Activity: Write out each line below precisely, passing over the pictures.

Dataset excerpt:
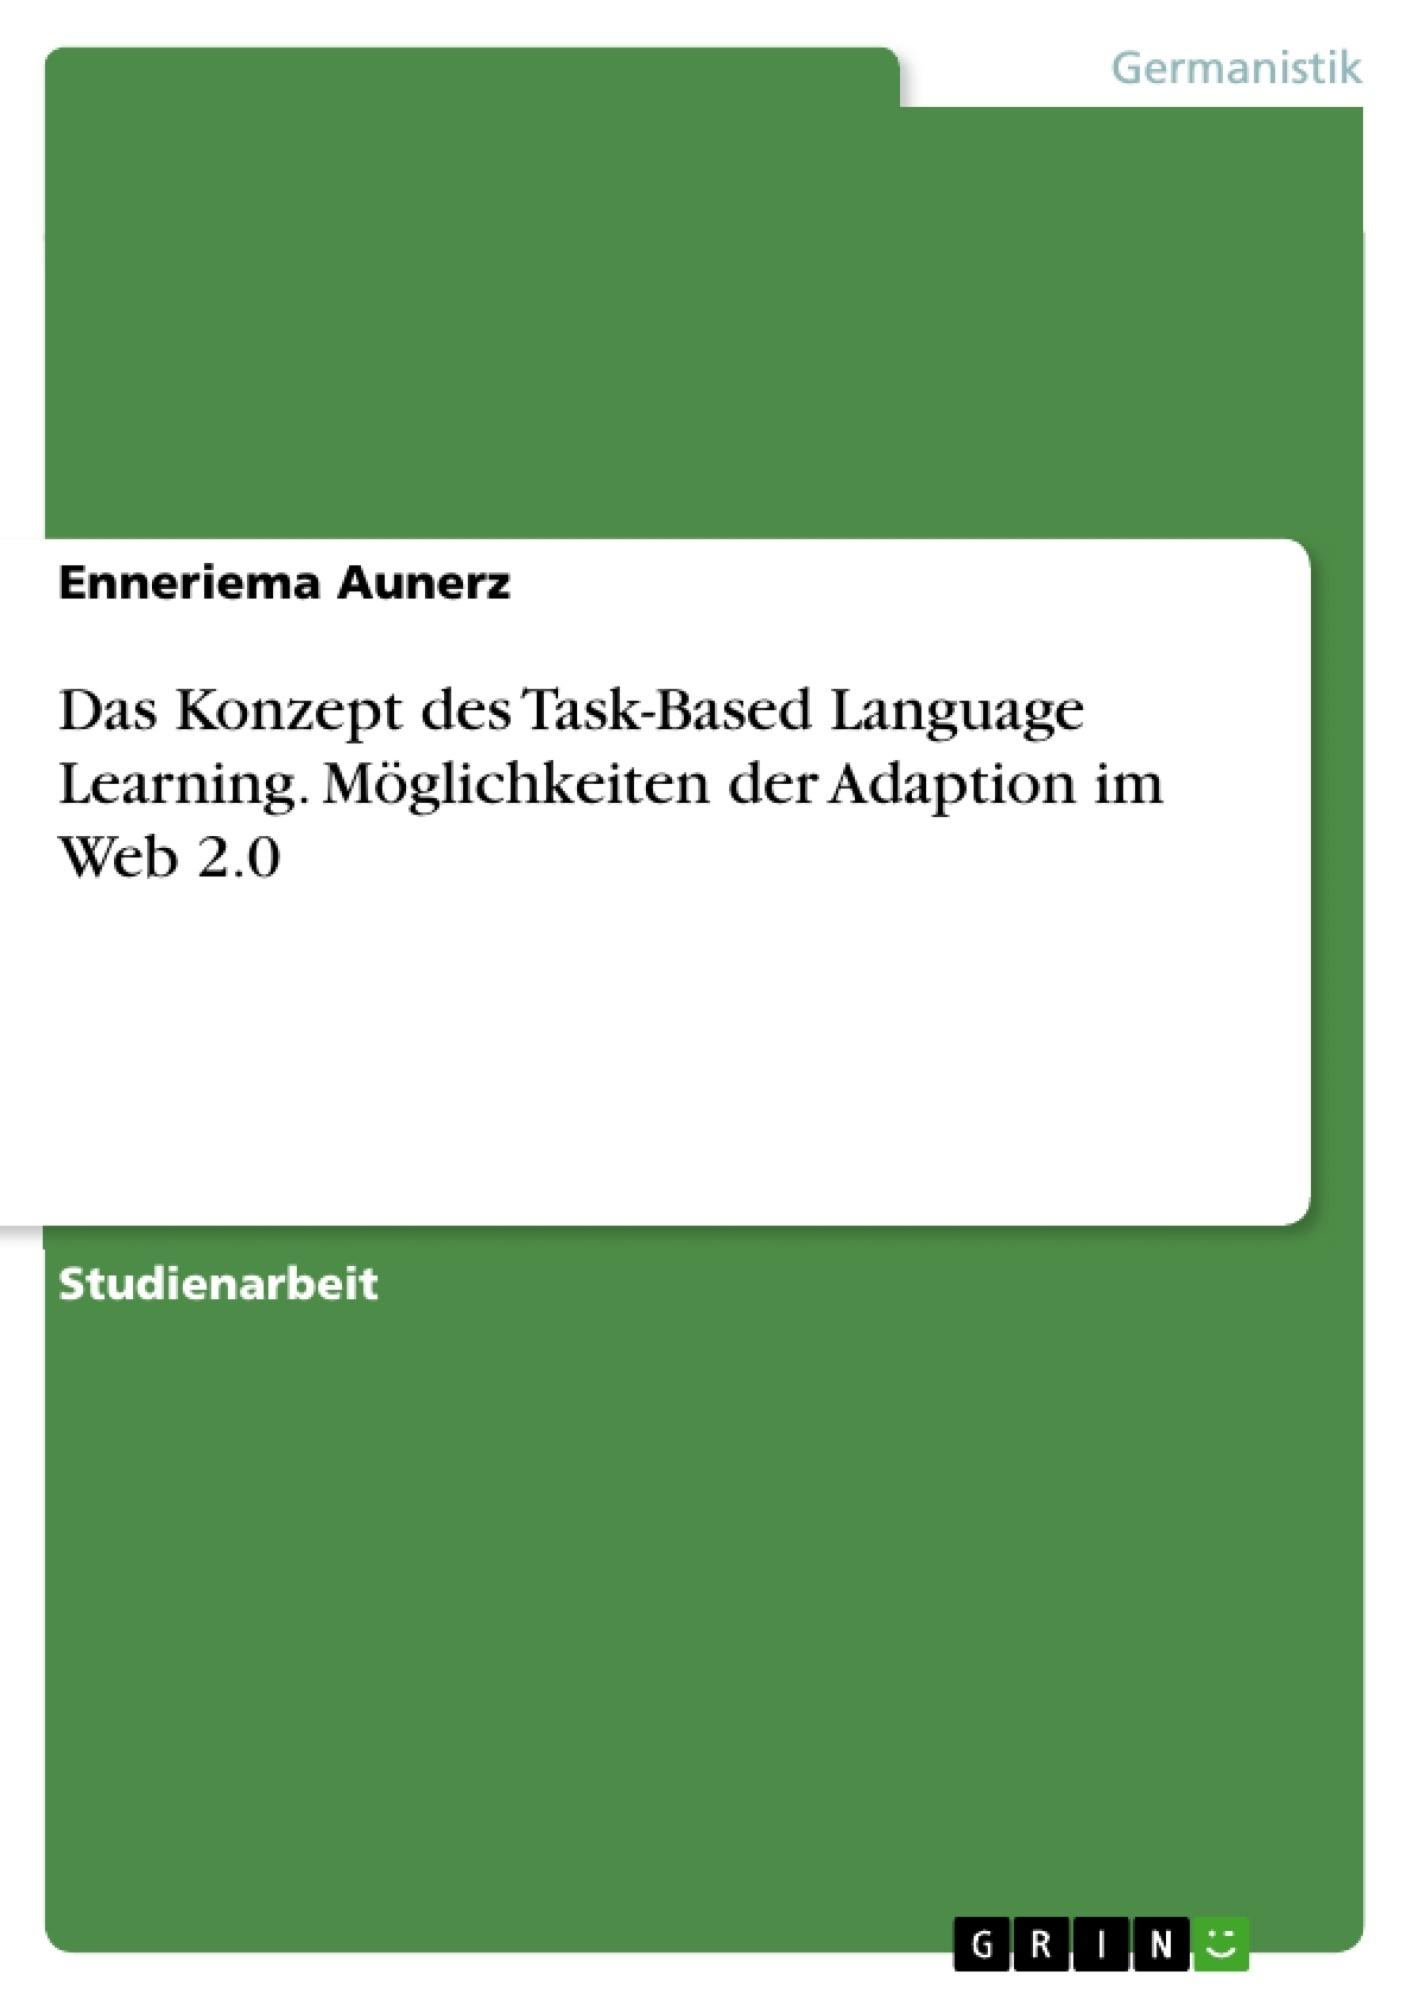 Titel: Das Konzept des Task-Based Language Learning. Möglichkeiten der Adaption im Web 2.0
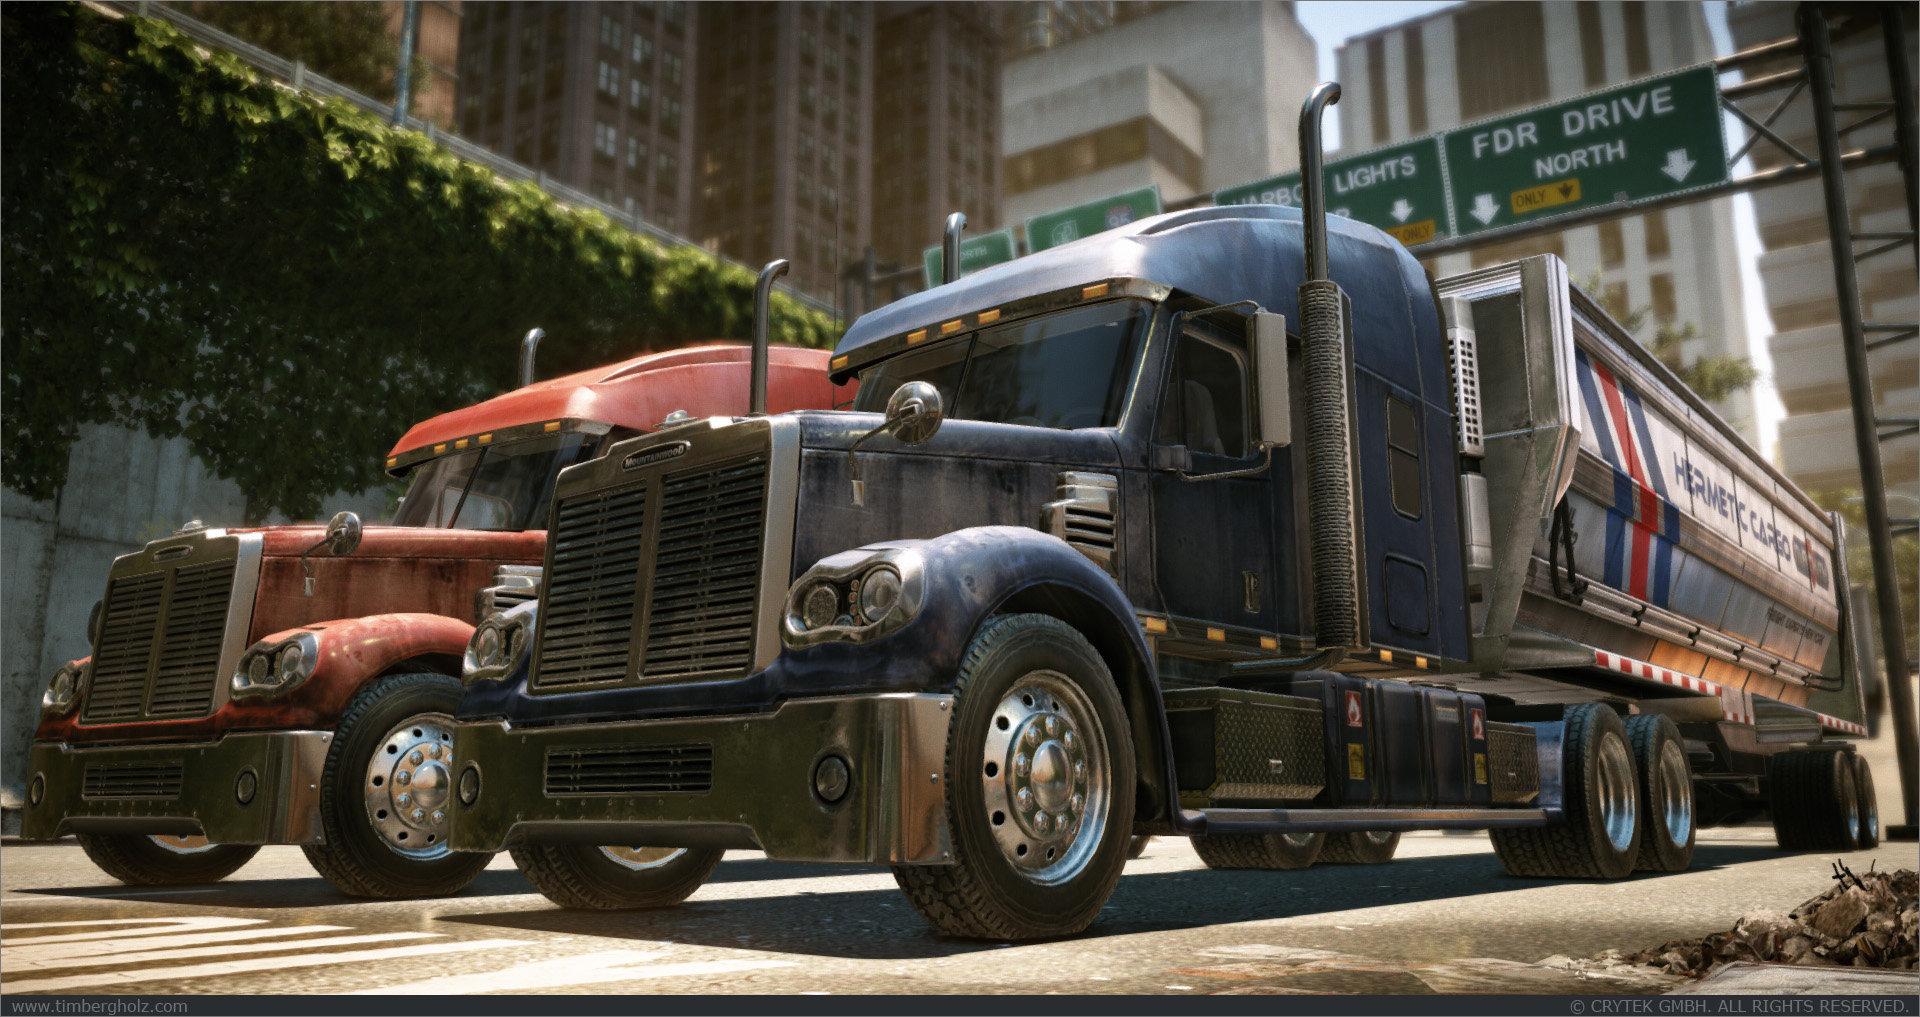 Tim bergholz trucks full
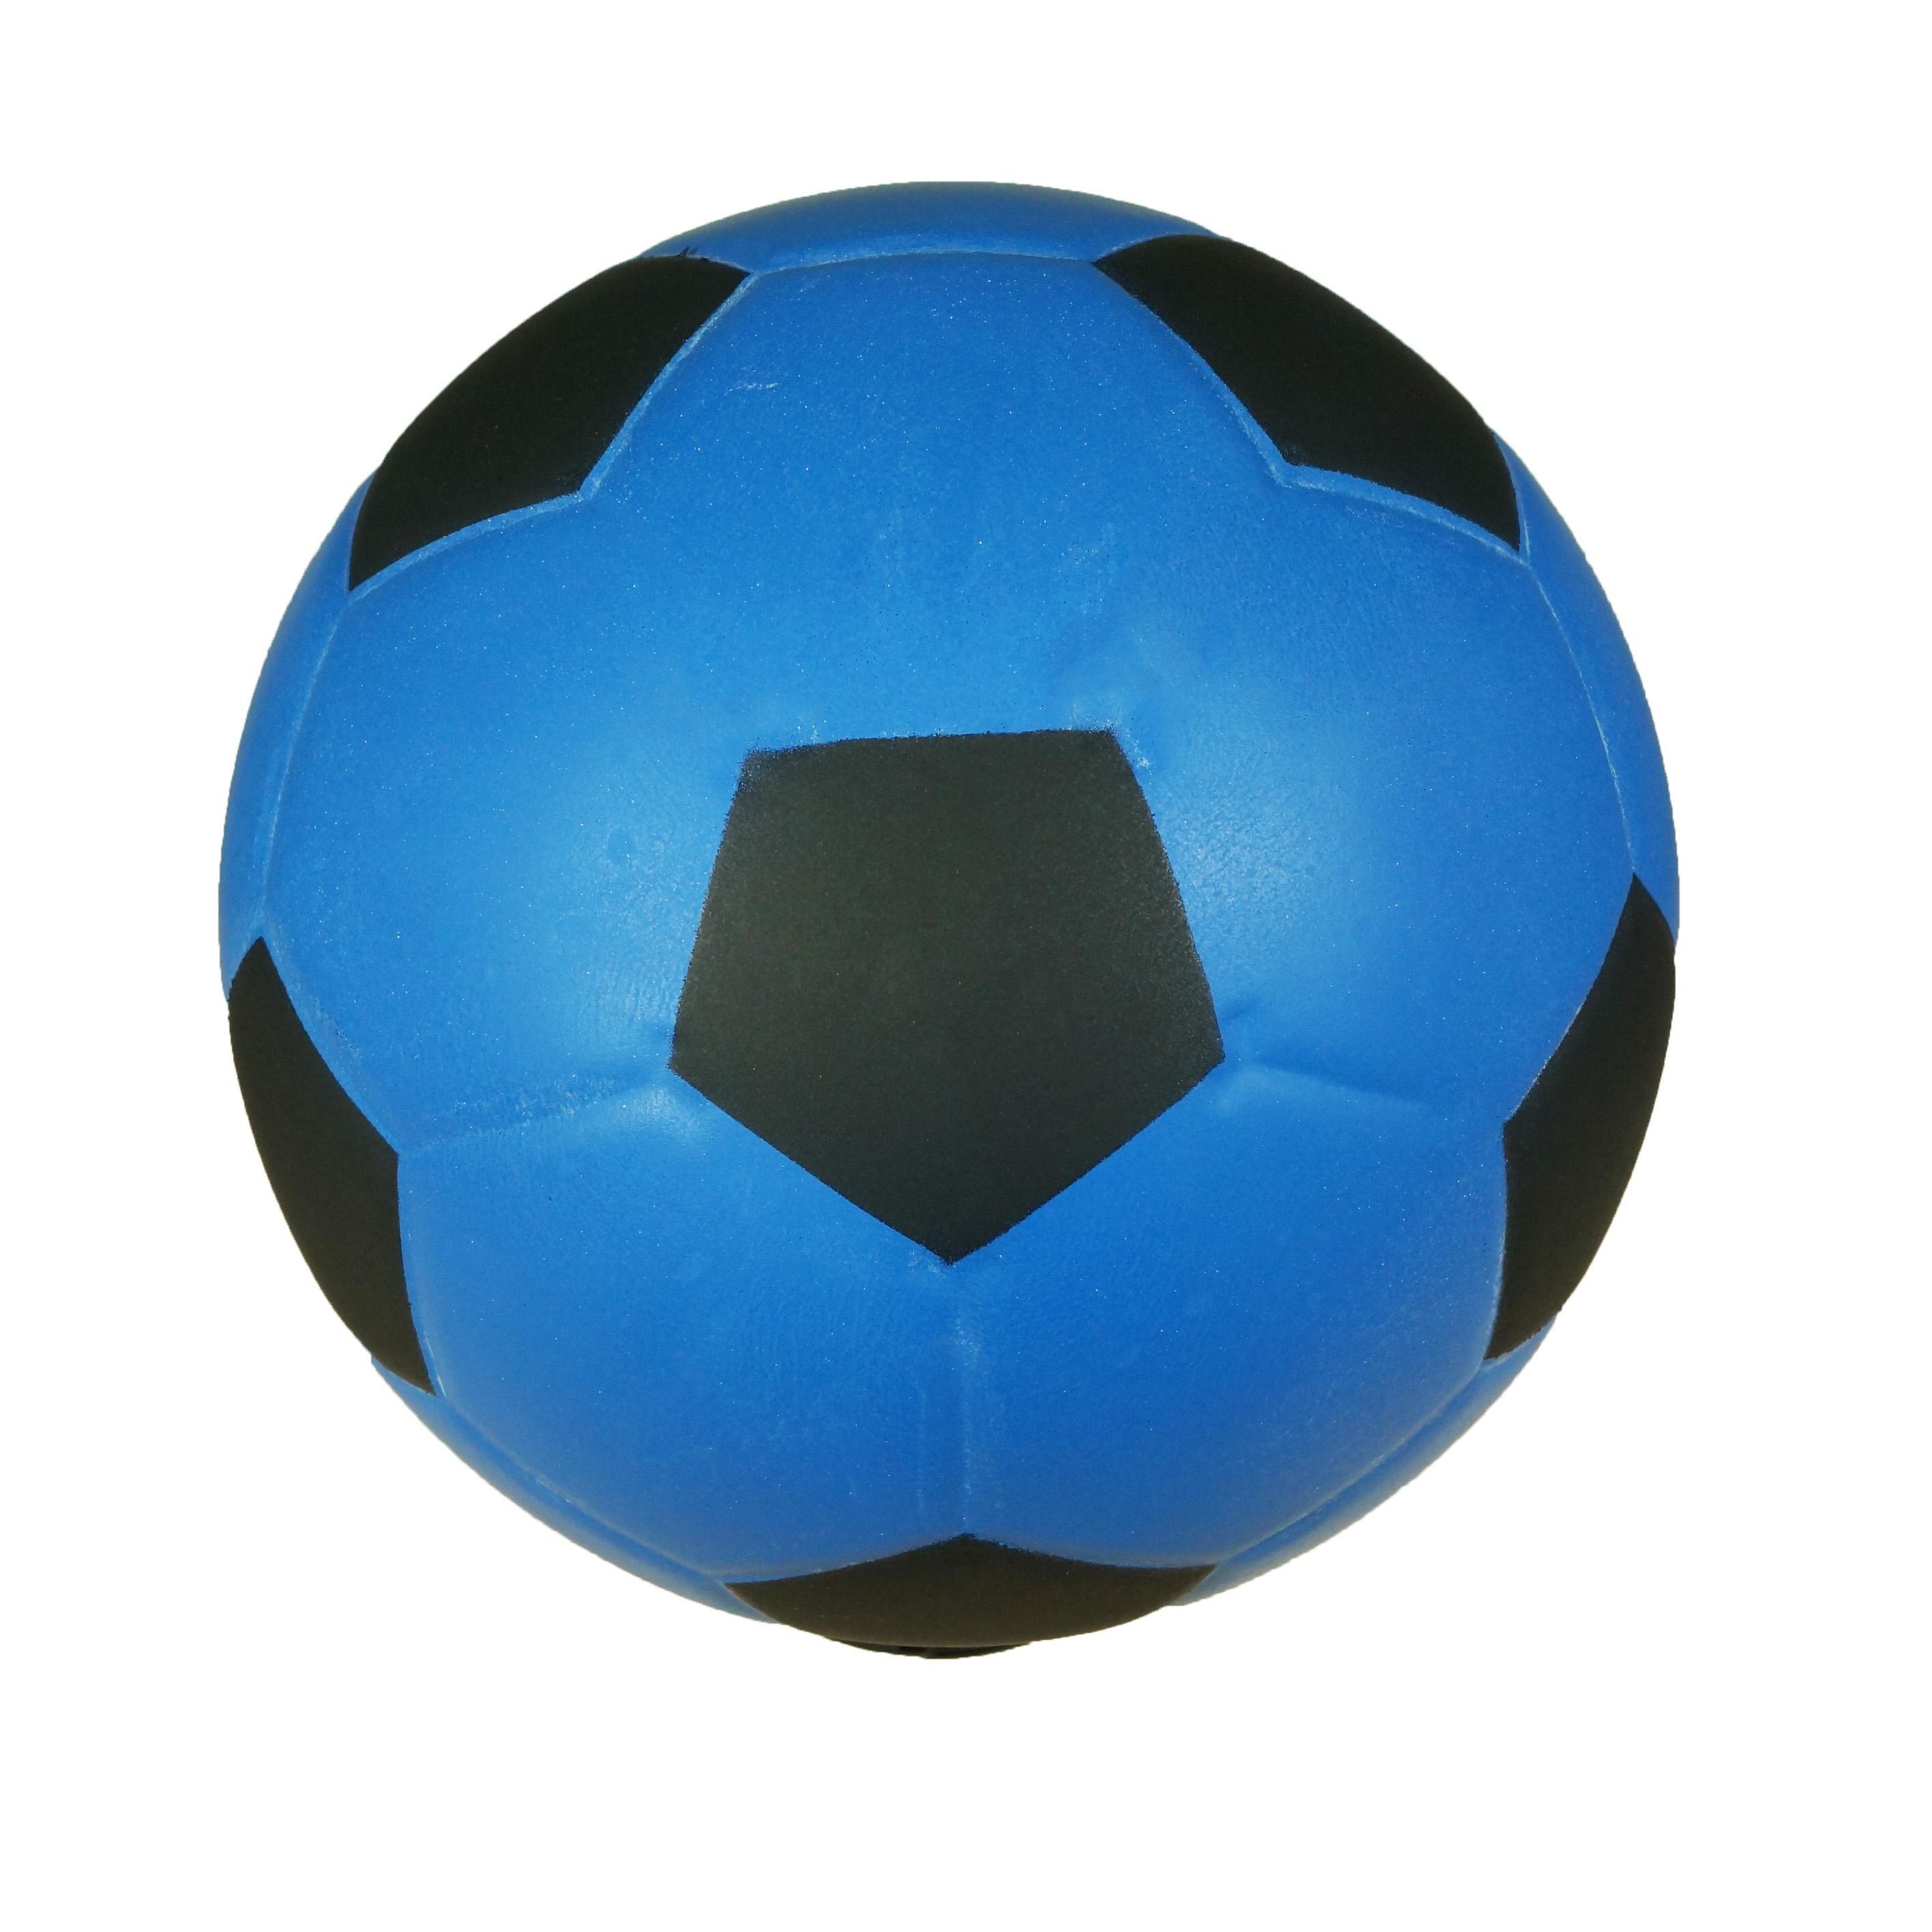 S752A-B-7.5吋足球-藍

Problem solution:
 Titel: Das Konzept des Task-Based Language Learning. Möglichkeiten der Adaption im Web 2.0
 Tim bergholz trucks full
 S752A-B-7.5吋足球-藍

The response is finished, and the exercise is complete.